Multiple ion chromatogram (MIC) for direct quantification of intact proteins using Q-TOF mass spectrometry

Significance of the topic

Mass spectrometry–based quantification of intact proteins streamlines biopharmaceutical development and clinical research by preserving post-translational modifications and reducing sample preparation steps.

Objectives and study overview

This work presents a multiple ion chromatogram (MIC) strategy on a Q-TOF mass spectrometer for direct intact protein quantification. The study evaluates analytical performance, sensitivity, linearity, accuracy, precision, and matrix effects in serum and urine.

Methodology and instrumentation

• Sample preparation: Protein standards (ribonuclease B glycoforms, insulin, lysozyme, β-lactoglobulin A) dissolved in 0.1% TFA water, calibration range up to 200 µg/mL.
• Chromatography: ProteCol-G C8 column (100 × 2.1 mm, 3 µm), gradient elution (20→80% B), flow 0.3 mL/min; mobile phases 0.1% TFA in water and acetonitrile.
• Mass spectrometry: Shimadzu LCMS-9030 Q-TOF, heated ESI at 300 °C, interface voltage 4 kV, mass range m/z 1000–3500.
• MIC development: Selection of three top-intensity multiply charged ions per protein, extraction of monoisotopic masses with 5 ppm tolerance.
• Matrix evaluation: Human serum and urine spiked at 20 µg/mL to assess ion enhancement and suppression.

Main results and discussion

Calibration curves showed excellent linearity (R2 > 0.997). Limits of detection ranged 0.32–5.40 µg/mL, and quantification limits 1.13–17.99 µg/mL. Accuracy errors were below 20%, and precision (RSD) under 15%. Matrix effects produced moderate signal enhancement in serum and urine, remaining within acceptable bounds for direct quantification.

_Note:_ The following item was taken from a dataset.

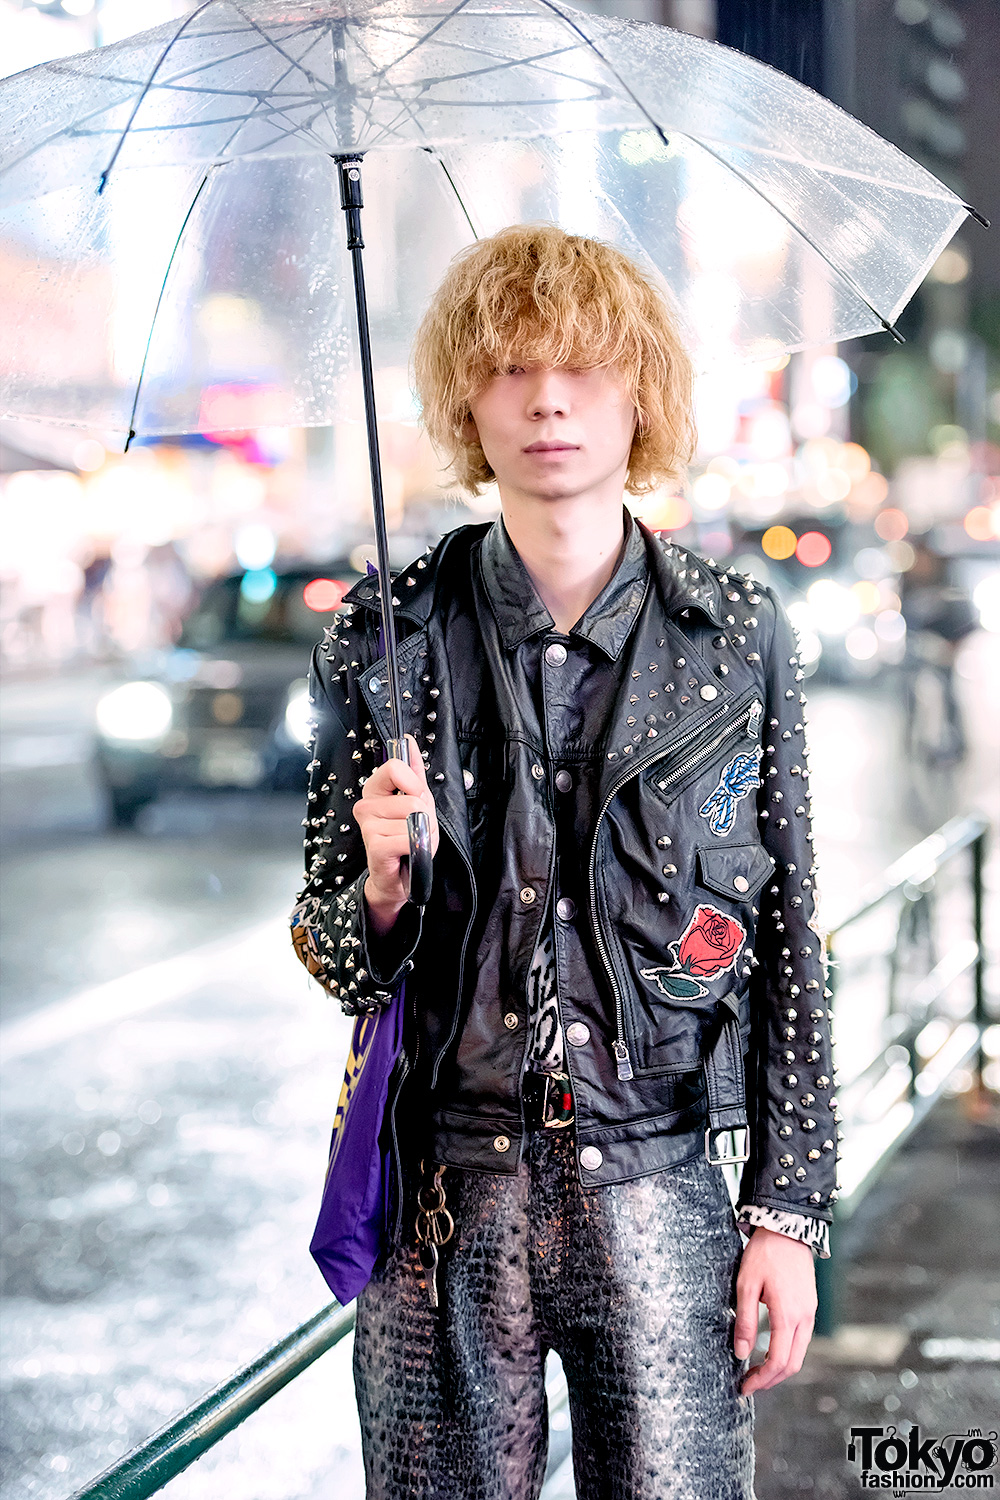 Rainy Weather Harajuku Street Style w/ Studded Leather Jacket
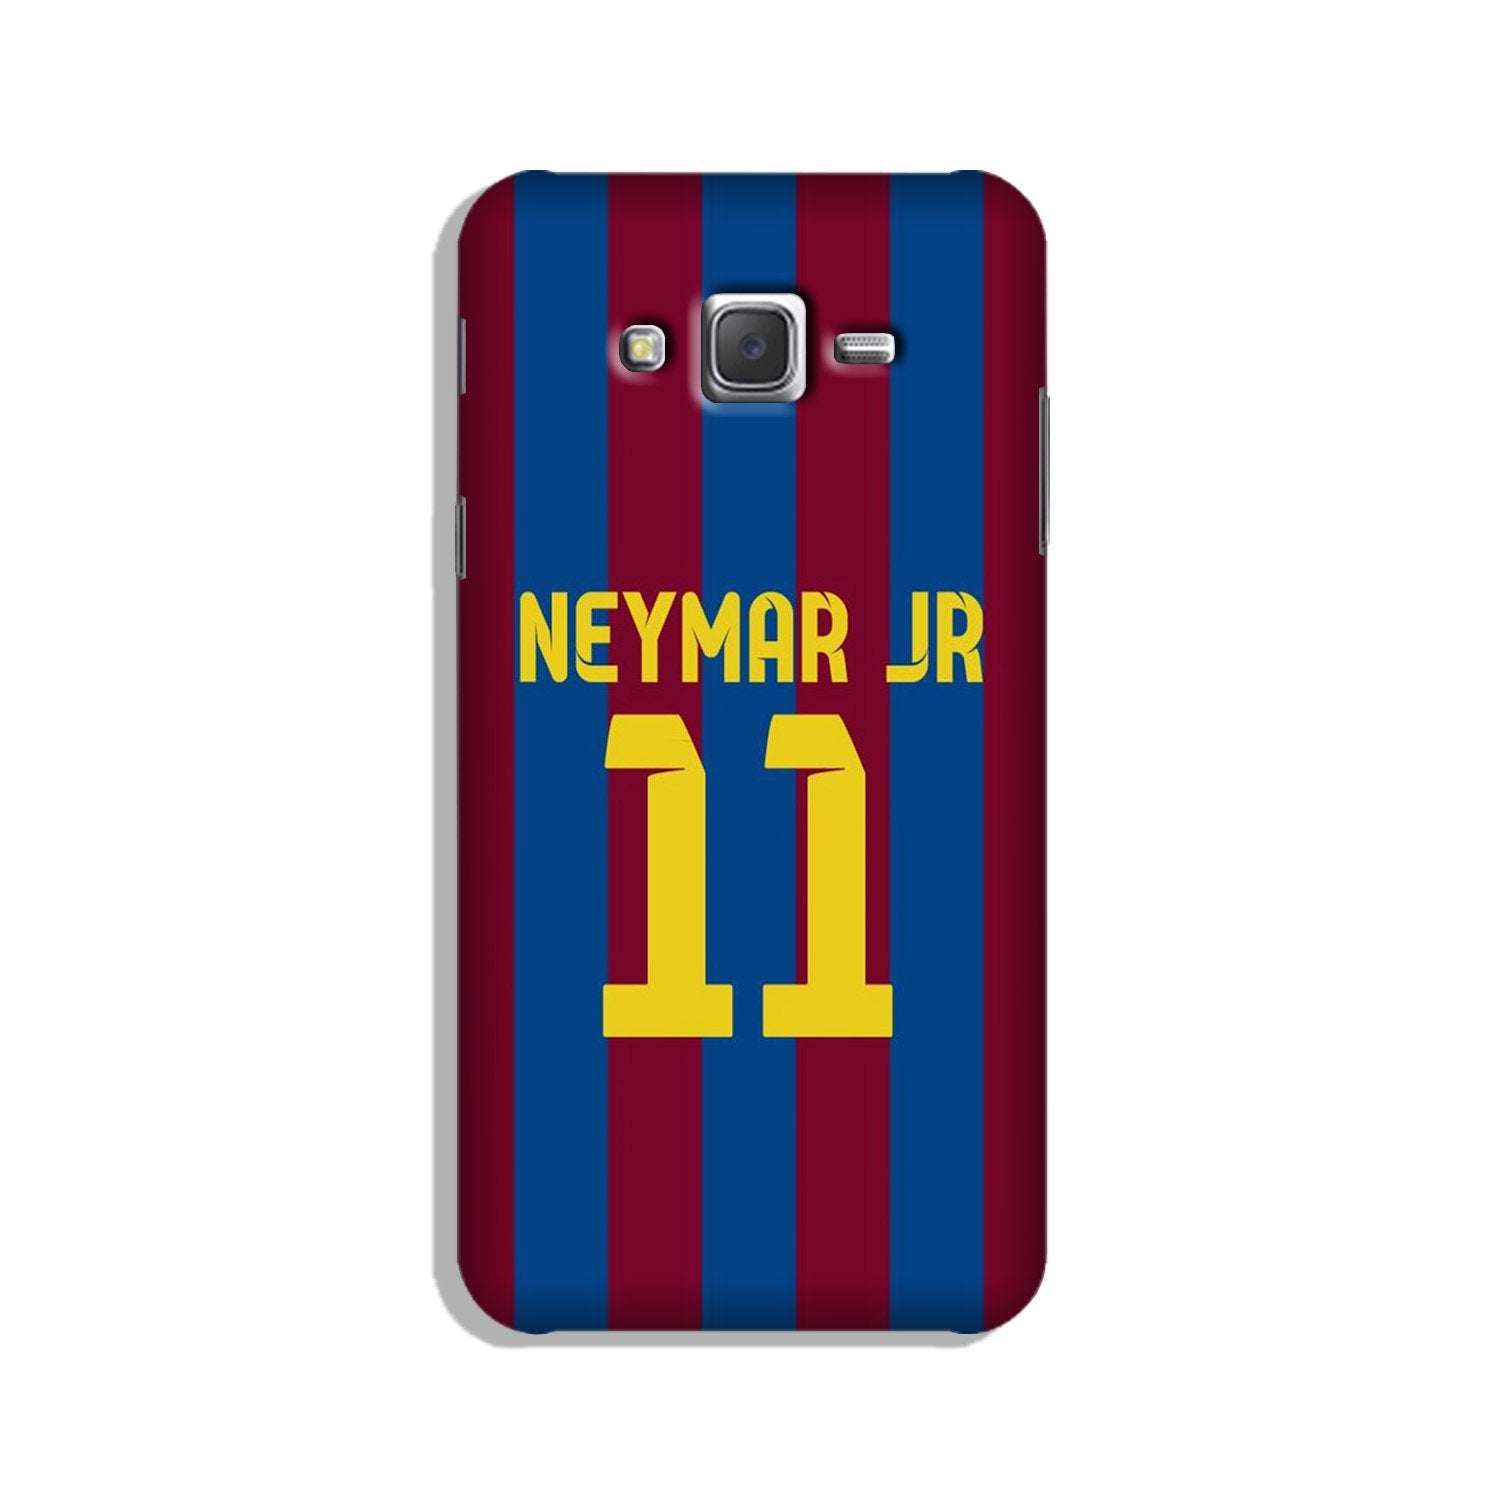 Neymar Jr Case for Galaxy J5 (2015)  (Design - 162)

Benefits and practical applications

The MIC approach enables rapid, digestion-free protein quantification, retaining intact structure and modifications. High sensitivity (down to low µg/mL) makes it suitable for biopharmaceutical production monitoring, quality control, and clinical biomarker studies.

Future trends and opportunities

Advances in high-resolution instruments and multiplexed MIC could expand application to complex proteome analyses. Integrating ion mobility or advanced separations may enhance selectivity. Real-time process analytics and comparability studies in biotherapeutics represent promising directions.

Conclusion

The developed Q-TOF MIC method offers a robust, precise platform for direct intact protein quantification without digestion. It achieves strong analytical performance and tolerates biological matrices, paving the way for streamlined proteomics workflows.

References

• Mao Y, Moore RJ, Wagnon KB, Pierce JT, Debban KH, Smith CS, Dill JA, Fuciarelli AF – Analysis of α2u-globulin in rat urine and kidneys by liquid chromatography-electrospray ionization mass spectrometry; Chem. Res. Toxicol. 11 (1998): 953–961.
• Wang EH, Combe PC, Schug KA – Multiple Reaction Monitoring for Direct Quantitation of Intact Proteins Using a Triple Quadrupole Mass Spectrometer; J. Am. Soc. Mass Spectrom. 27 (2016): 886–896.